I'm working on Ubuntu 14 with the default rsyslog and logrotate utility.

In the default rsyslog logrotate /etc/logrotate.d/rsyslog config I see the following:

        rotate 7
                reload rsyslog >/dev/null 2>&1 || true

From what I understand, it is recommended to use copytruncate in all logrotate scenarios, as it doesn't moves the current log, but rather truncates the log so any process with an open file handler will be able to keep writing to it.

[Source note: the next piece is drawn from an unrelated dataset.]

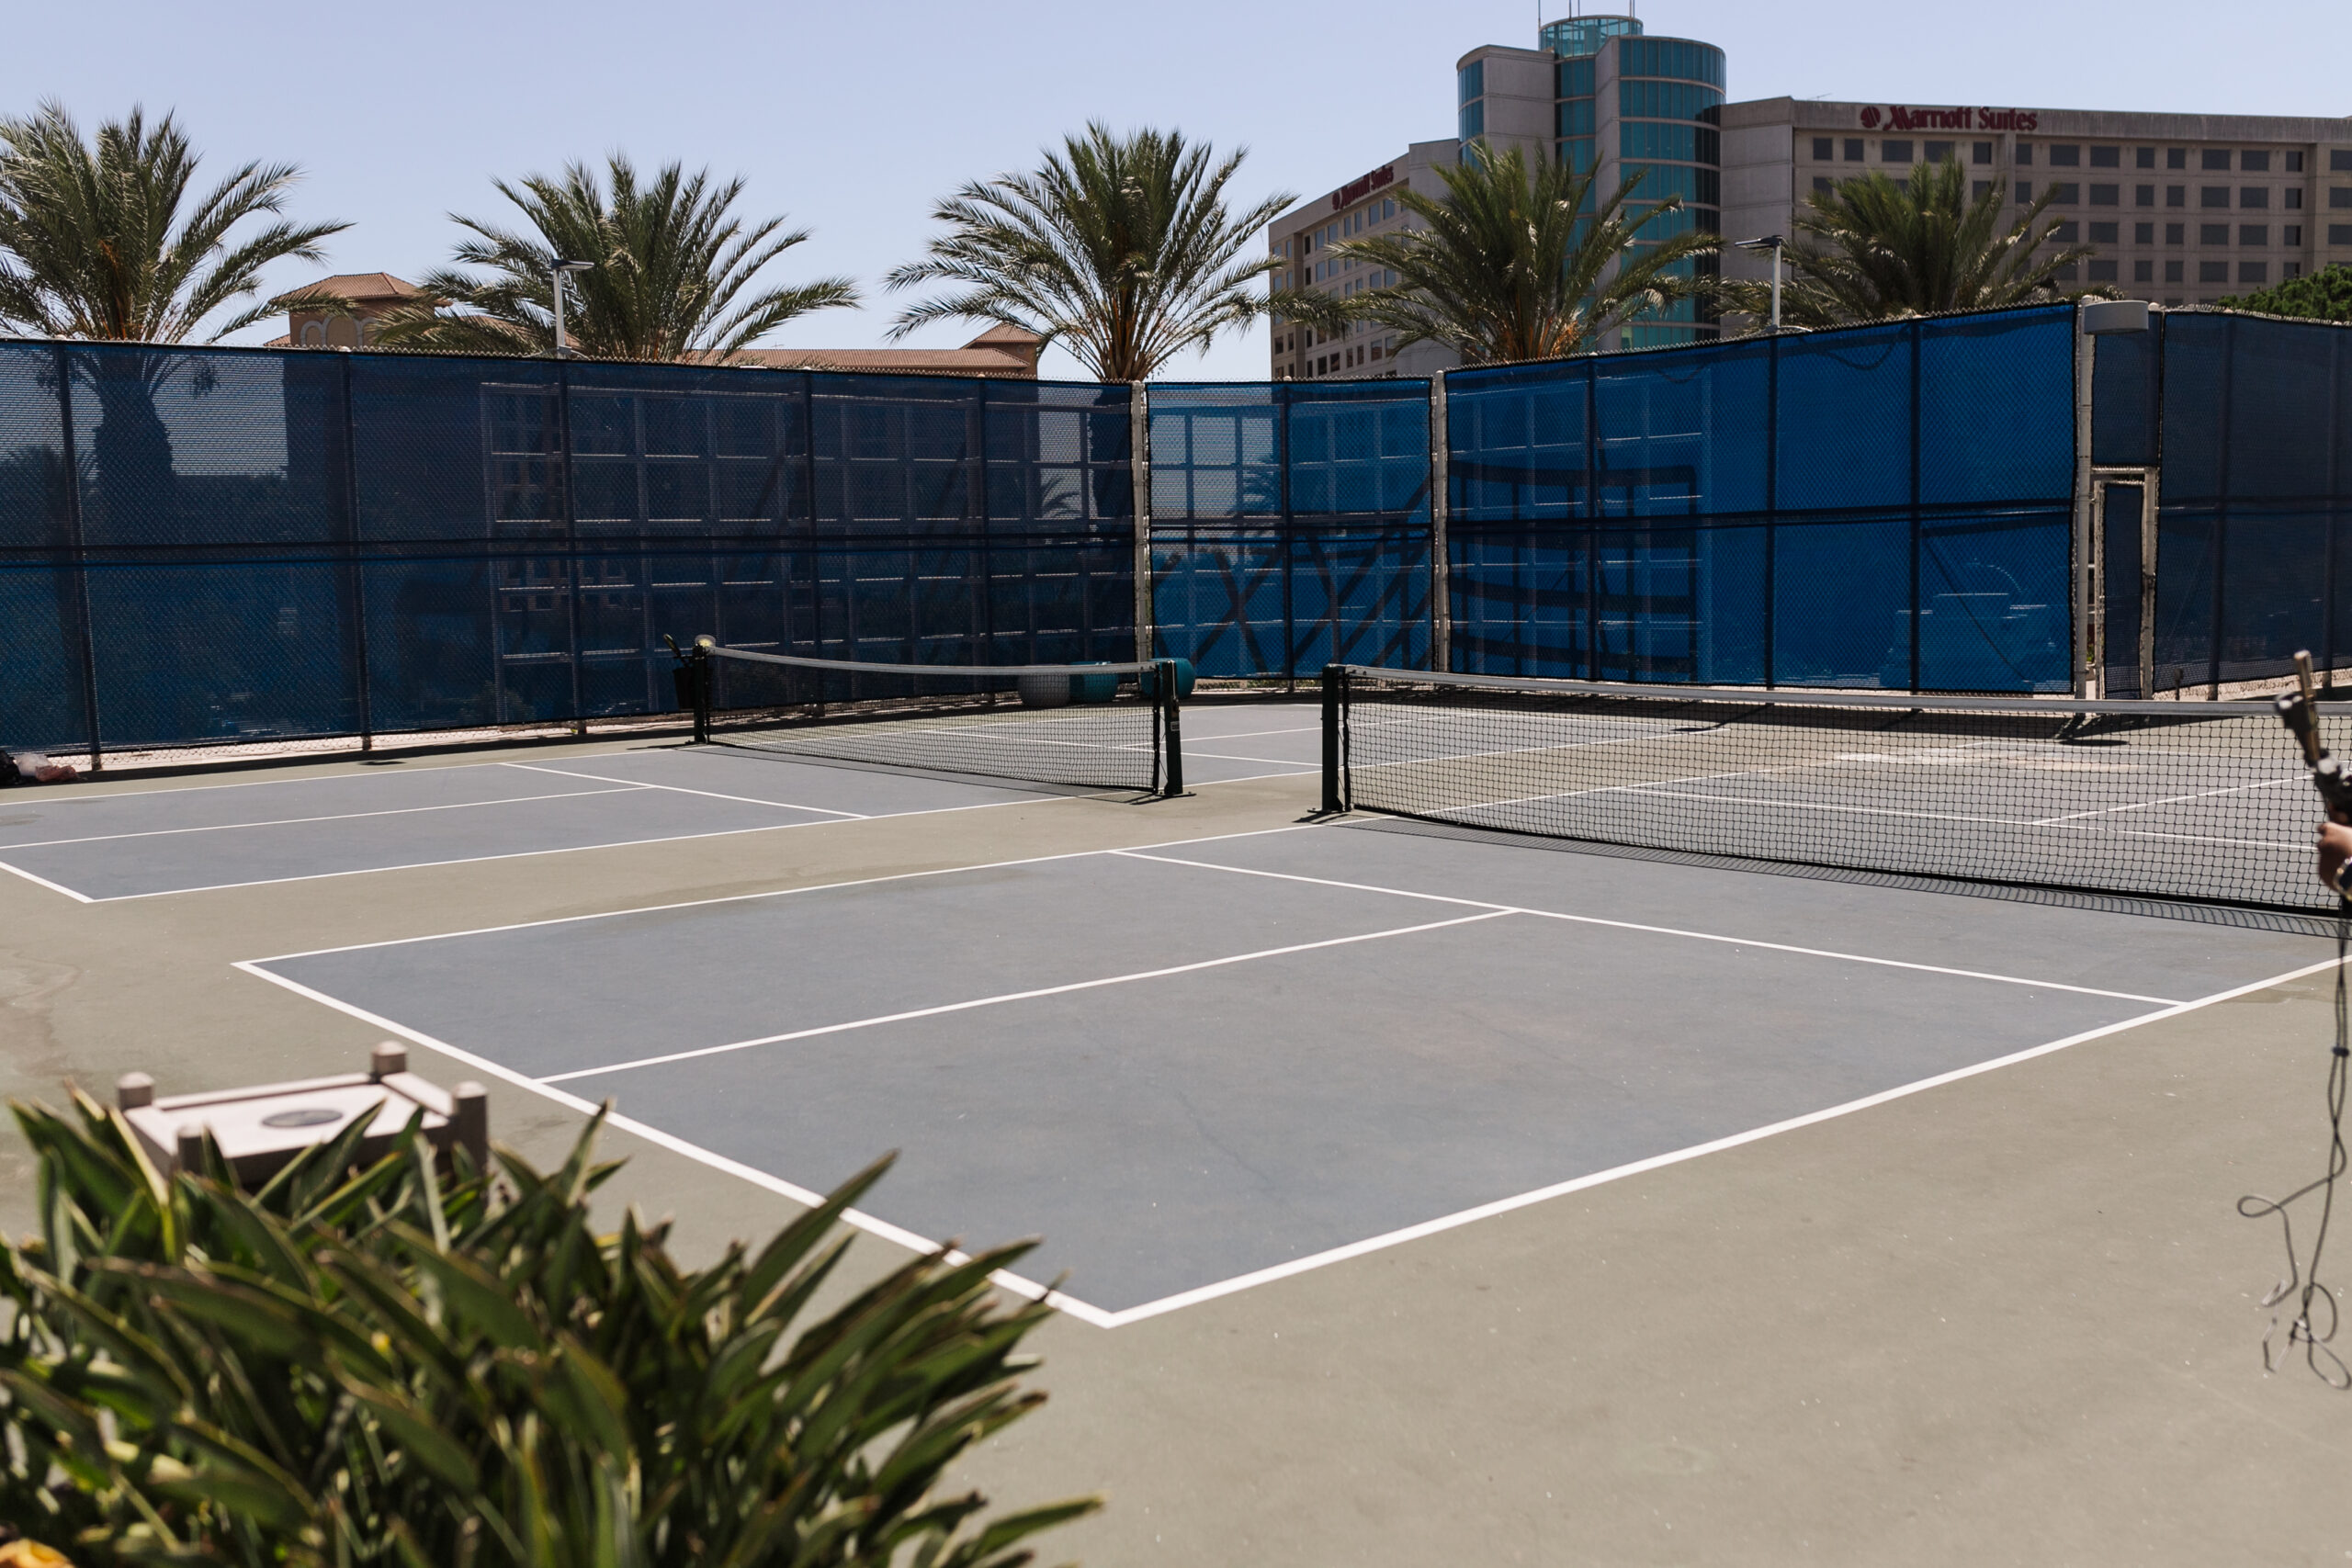 a unique feature at the Hyatt Regency is this sport court with multiple games available for guests

So how come the default configuration using rsyslog reload feature instead?

5 Answers 5


To answer your question, you first need to understand the different trade-off of reload and copytruncate:

  • reload: the old log file is renamed and the process writing into that log is notified (via Unix signal) to re-create its log file. This is the fastest / lower overhead method: rename/move operations are very fast and have a constant execution time. Moreover, it is an almost atomic operation: this means that (nearly) no log entry will be lost during the move/reload. On the other hand, you need a process capable of reloading and re-opening of its log file. Rsyslog is such a process, so the default logrotate config use the reload method. Using this mode with rsyslog is strongly recommended by rsyslog upstream.
  • copytruncate: the old log file is copied into an archive file, and then it is truncated to "delete" old log lines. While the truncate operation is very fast, the copy can be quite long (depending of how big is your logfile). Moreover, some log entry can be lost during the time between the copy operation (remember, it can be slow) and the truncate. For these reasons, copytruncate is not used by default for services capable of reloading and recreate their log files. On the other hand, if a server is not capable of reload/recreate log files, copytruncate is your safest bet. In other words, it does not require any service-level support. The rsyslog upstream project strongly advises against using this mode.
  • I'm limiting my log files to 500M each, so copying them won't be a trouble(several seconds at most). Thanks!
    – Mattan
    May 5, 2015 at 7:57

Speaking as rsyslog author, copytruncate is actually a very, very, very bad choice. It is inherently racy and using it is almost a guarantee that you will lose log data. The more frequently the file is written to, the more you will lose. And this is not just part of the last line, but can be several hundred ones, depending on the exact timing and state of the system at the time the rotation happens.

When the file is moved and a new inode (file) created, rsyslog keeps track of the previous file and complete processing. So you do not have any loss in this case. Guaranteed (except if you unmount the file system...).

On "reopenOnTruncate": I personally have seen reopenOnTruncate to be racy in other regards as well, especially with NFS and the like. Some time ago I totally removed that functionality, but got later persuaded into merging similar functionality back in. It'll stay "experimental" most probably forever, as I really know people run into trouble on very heavily loaded systems. "copytruncate" is simply no decent mode to work with log files.

I currently work on refactoring imfile (ETA 8.34 or 8.35). The refactored version will probably be able to prevent accidental re-send due to API race, but also cannot guard against data loss - because this is conceptually impossible.


This depends completely on how the process is writing logs.
copytruncate only works, if the log messages are appended to the file (e.g. whatever >> logfile.
And not when it is redirecting the output (e.g. whatever > logfile).


Since version 8.16 rsyslog has imfile option reopenOnTruncate that handles copytruncte issue.


For rsyslog specifically, it does probably make more sense to leave things as they are.

The basic reason is that rsyslog has internal queues it can use in cases where its output handle becomes unavailable.

The reload will a) cause rsyslog to recreate its own log file, and b) cause any queued events to be flushed to the file on creation.

It may be copytruncate does no harm (although I would be concerned about partially written lines being truncated), but I would tend to think that copy/delete/reload is 'safer' from an integrity point of view.

As mentioned by @faker, since rsyslog can handle the situation where its file becomes unavailable, there isn't a compelling reason to use copytruncate.

And as mentionned by @SelivanovPavel, rsyslog actually requires specific config to deal with copy truncate properly.

So if only because using the reload approach requires less deviation from default config, I would keep it.